Vidigal citou dados trazidos ao colegiado pelo ex-presidente do banco, Carlos Lessa, segundo os quais em 2016 o custo dos empréstimos do BNDES baterá recorde de prejuízo, alcançando R$ 38 bilhões, a serem pagos pelo Tesouro Nacional.

O prejuízo decorre do fato de o BNDES captar recursos que serão remunerados pela taxa Selic – mais alta – e, por outro lado, cobrar do setor produtivo juros menores, atrelados a Taxa de Juros de Longo Prazo (TJLP).

Para o ministro, a questão a ser avaliada é se o custo desse subsídio se traduziu naquilo que a sociedade esperava em termos de desenvolvimento econômico. “Isso tudo que ser constantemente avaliado”, disse.

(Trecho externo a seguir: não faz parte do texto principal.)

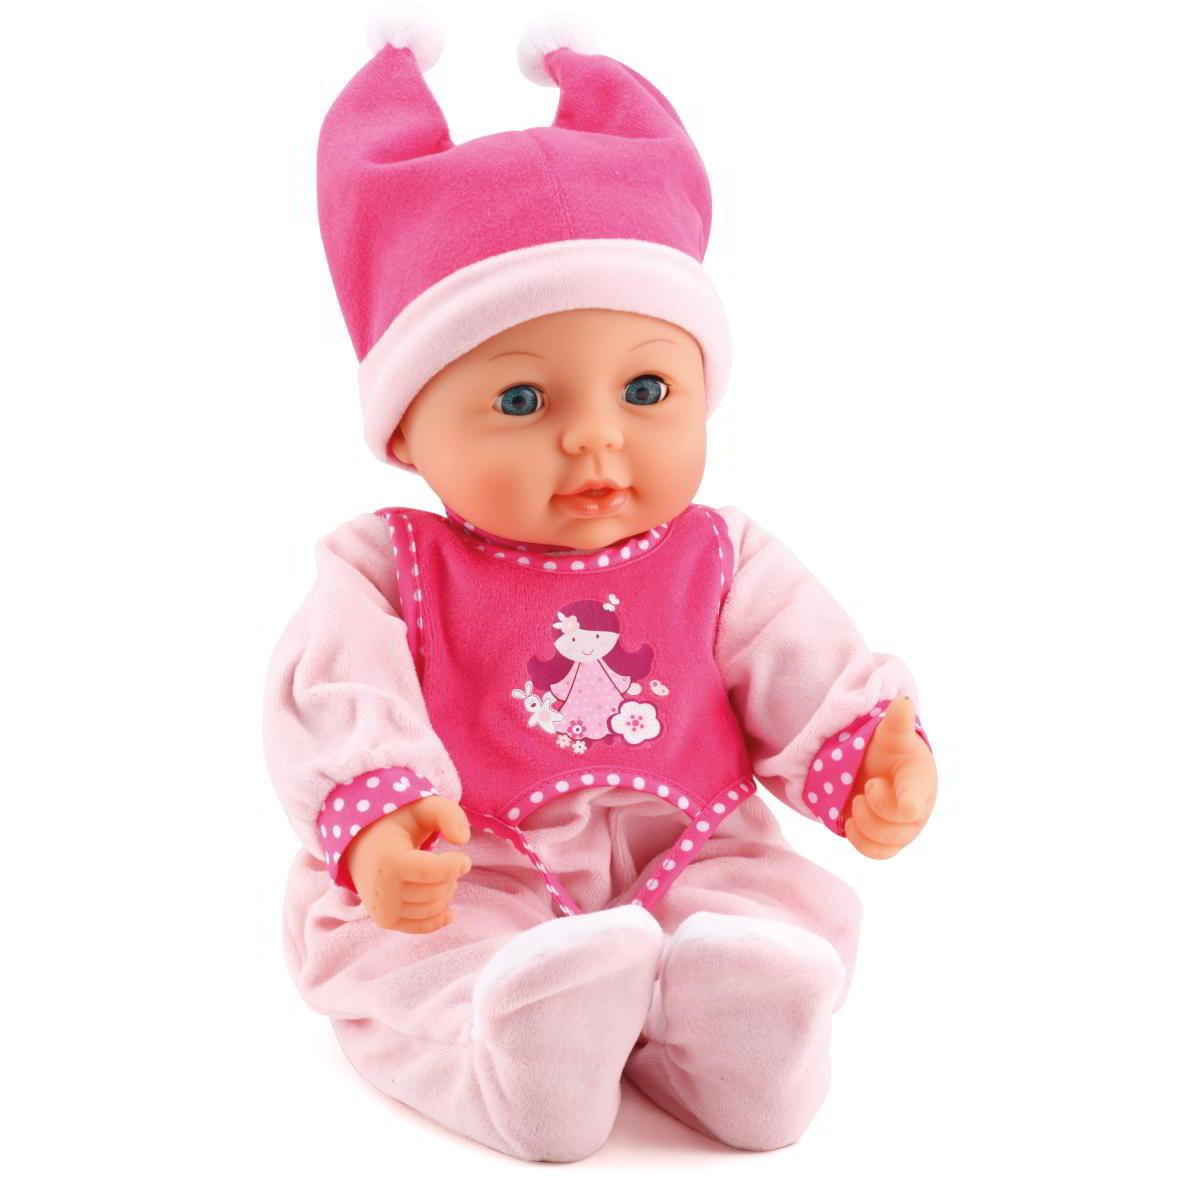 babypuppen spielzeug einebinsenweisheit. Black Bedroom Furniture Sets. Home Design Ideas

Vidigal também comentou relatório recente do Tribunal de Contas da União dando conta de que houve superfaturamento nas obras da refinaria de Abreu e Lima, da Petrobras, obra que recebeu R$ 9,89 bilhões do BNDES.

“Houve superfaturamento e a participação de empreiteiras envolvidas na Lava Jato. Qual a chance de outros projetos com dinheiro público do banco estarem envolvidos em superfaturamento?”, perguntou.
Monteiro justificou os investimentos do banco em Abreu e Lima argumentando que há 30 anos o País não investia em refinarias e que a Petrobras era a principal empresa brasileira à época.

“Mas agora, doravante, sabendo tudo o que ocorreu, percebemos que deve existir sim uma avaliação melhor dos custos para o BNDES”, disse o ministro, reconhecendo que talvez seja o momento de fazer melhorias nos processos de governança corporativa e de controle social do banco.

O deputado Carlos Melles (DEM-MG) também comentou que, diante das denúncias que pesam sobre a Petrobras, o BNDES deveria avaliar de maneira mais criteriosa quais projetos devem ser financiados pelo banco. “Hoje não temos mais segurança para falar sobre a excelência técnica da Petrobras e do BNDES”, disse Melles.

O ministro rebateu ainda críticas a financiamentos de projetos de empresas brasileiras que querem exportar serviços de infraestrutura para países da África e da América.

“Hoje a área de infraestrutura representa 25% de tudo que é financiado pelo BNDES, mas a exportação de serviços para o exterior nesse setor representa apenas algo entre 2% ou 2,5% do total financiado”, disse Monteiro.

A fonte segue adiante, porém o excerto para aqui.